Multimeters are an extremely useful tool for troubleshooting electrical problems.
They can be purchased in either analog or digital form and have a price range
to suit any budget. A multimeter is a voltmeter, ammeter and ohmmeter (along
with other features) combined into one instrument. It is often used when testing
solid state circuits because of its high input impedance (usually 10 megaohms
or more). A brief description of the multimeter main test functions follows:
- Voltmeter — the voltmeter is used to measure voltage at
any point in a circuit, or to measure the voltage drop across any part of
a circuit. Voltmeters usually have various scales and a selector switch to
allow the reading of different voltage ranges. The voltmeter has a positive
and a negative lead. To avoid damage to the meter, always connect the negative
lead to the negative (-) side of the circuit (to ground or nearest the ground
side of the circuit) and connect the positive lead to the positive (+) side
of the circuit (to the power source or the nearest power source). Note that
the negative voltmeter lead will always be black and that the positive voltmeter
will always be some color other than black (usually red).
- Ohmmeter — the ohmmeter is designed to read resistance (measured
in ohms) in a circuit or component. Most ohmmeters will have a selector switch
which permits the measurement of different ranges of resistance (usually the
selector switch allows the multiplication of the meter reading by 10, 100,
1,000 and 10,000). Some ohmmeters are "auto-ranging" which means the meter
itself will determine which scale to use. Since the meters are powered by
an internal battery, the ohmmeter can be used like a self-powered test light.
When the ohmmeter is connected, current from the ohmmeter flows through the
circuit or component being tested. Since the ohmmeter's internal resistance
and voltage are known values, the amount of current flow through the meter
depends on the resistance of the circuit or component being tested. The ohmmeter
can also be used to perform a continuity test for suspected open circuits.

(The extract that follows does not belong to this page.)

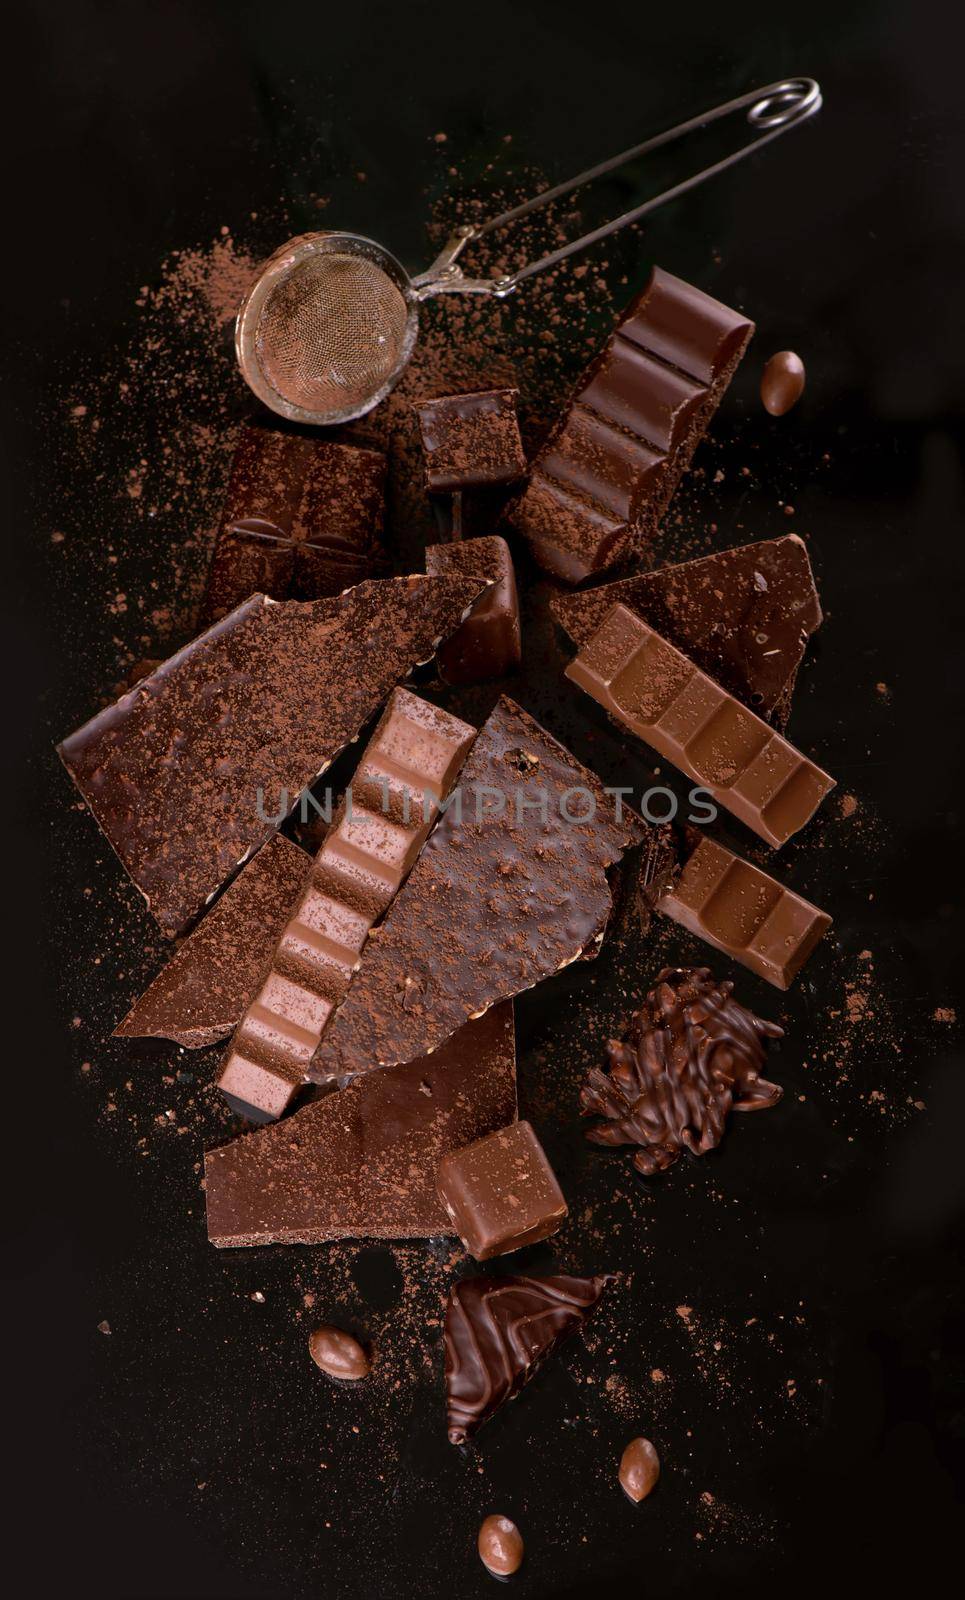 Broken chocolate pieces and cocoa powder on wooden background

In using the meter for making continuity checks, do not be concerned with
the actual resistance readings. Zero resistance, or any ohm reading, indicates
continuity in the circuit. Infinite resistance indicates an opening in the
circuit. A high resistance reading where there should be none indicates a
problem in the circuit. Checks for short circuits are made in the same manner
as checks for open circuits, except that the circuit must be isolated from
both power and normal ground. Infinite resistance indicates no continuity,
while zero resistance indicates a dead short.
WARNING
Never use an ohmmeter to check the resistance of a component or wire while there
is voltage applied to the circuit.
Ammeter — an ammeter measures the amount of current flowing
through a circuit in units called amperes or amps. At normal operating voltage,
most circuits have a characteristic amount of amperes, called "current draw''
which can be measured using an ammeter. By referring to a specified current
draw rating, then measuring the amperes and comparing the two values, one can
determine what is happening within the circuit to aid in diagnosis. An open
circuit, for example, will not allow any current to flow, so the ammeter reading
will be zero. A damaged component or circuit will have an increased current
draw, so the reading will be high. The ammeter is always connected in series
with the circuit being tested. All of the current that normally flows through
the circuit must also flow through the ammeter; if there is any other path for
the current to follow, the ammeter reading will not be accurate. The ammeter
itself has very little resistance to current flow and, therefore, will not affect
the circuit, but it will measure current draw only when the circuit is closed
and electricity is flowing. Excessive current draw can blow fuses and drain
the battery, while a reduced current draw can cause motors to run slowly, lights
to dim and other components to not operate properly.